5.What kind of research did
you do to write this work?
Well, let's see. Laundry, cooking,
nursing, mothering, grocery shopping, driving, driving, driving, reading,
listening, talking, birthdays and all holidays. I thought about certain artifacts
and held them in my hands again, but they didn't say anything; whatever had
happened was pressed deeply into them. Fifteen years had passed. Literature
makes something new of whatever has been real, and invents the rest. Many
of the events in the book never happened, but the intensity of feeling - falling
in love with a newborn, being heavily identified with someone who is dying,
learning versions of luminosity in both experiences - came from my own fallible
attempts at intimacy in the context of family.

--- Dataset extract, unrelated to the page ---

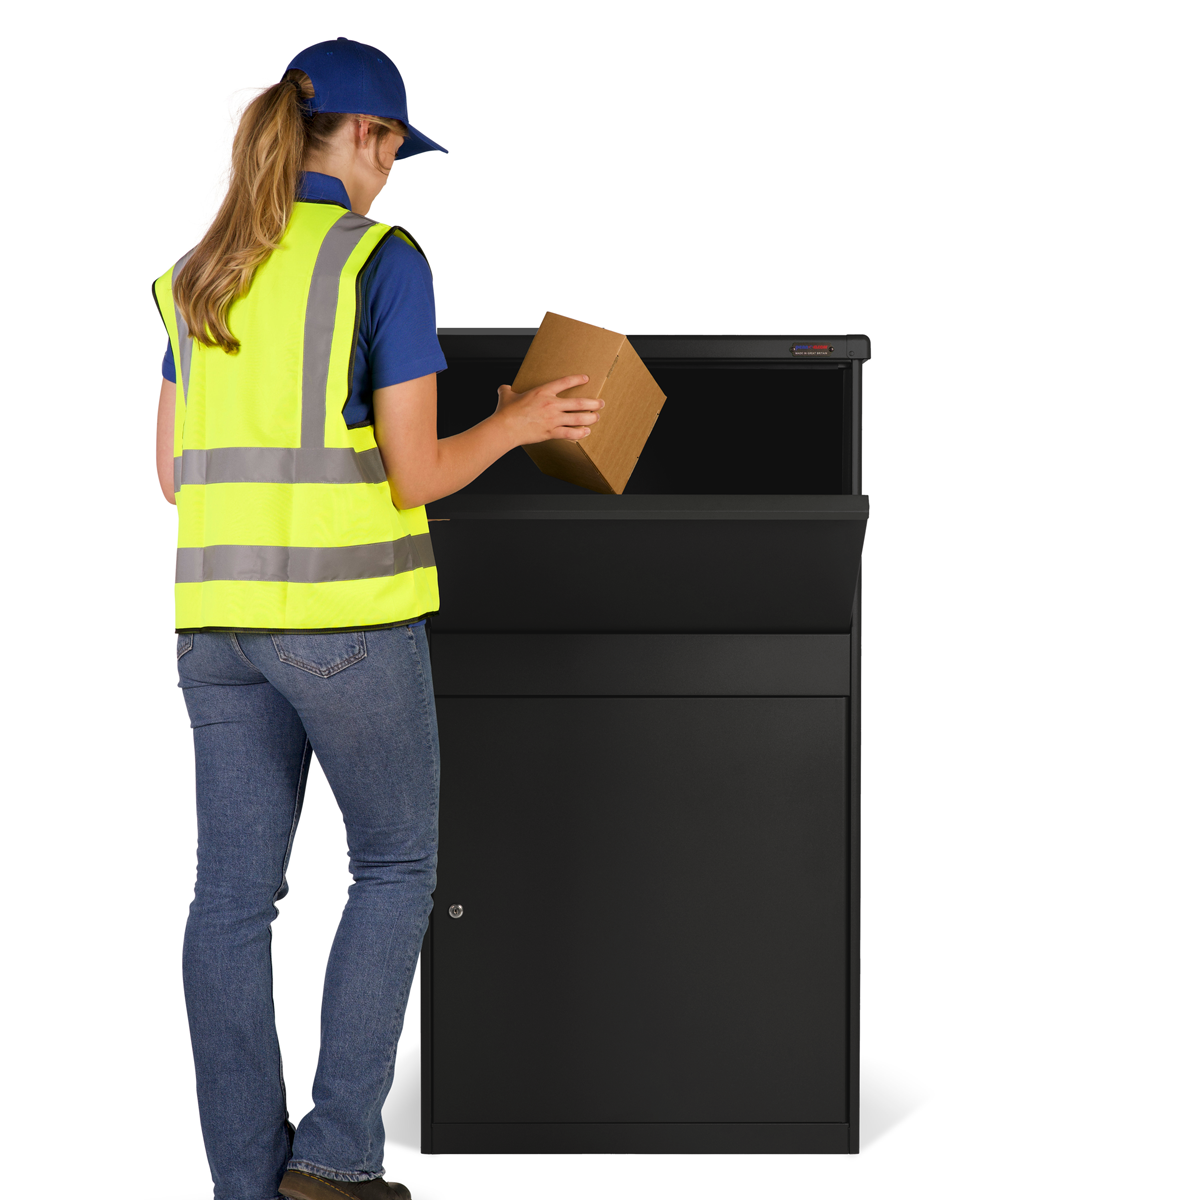 Our choice of front or rear access door gives you the flexibility to place your Parcel Box where you need it most.

6. Technically, how was the
writing of MotherKind different from your other novels, Machine Dreams
and Shelter?
I wanted to write MotherKind in
clear, simple, very accessible language because it deals with such intricate
patterning and universal experience. Its subjects are birth and death and
familial experience as it runs the gamut from the banal to the miraculous.
In all my work, I see language as the means of investigation and time as the
organizing principal. Sections of Machine Dreams are framed by lapses of time
that float the prose. Shelter occurs in three days of real time made lapidary
and circular. MotherKind occurs on two planes at once: the year within the
novel is inter-cut with an on-going past that becomes a kind of eternal present.
Memory sometimes offers up the past as living, dimensional, sensory presence.
In that world, there is no death. Machine Dreams begins with the line, 'It's
strange what you don't forget," - the point being that it's not at all strange;
memory is alive with meaning, and so is the attempt at art. This is not a
random universe precisely because we are in it: naming it, loving and fearing
it, yearning to understand it, reaching for one another within it.
7.What would you like a reader
to take away from MotherKind?
The sense of having lived it,
and a recognition of the enduring strengths they themselves possess.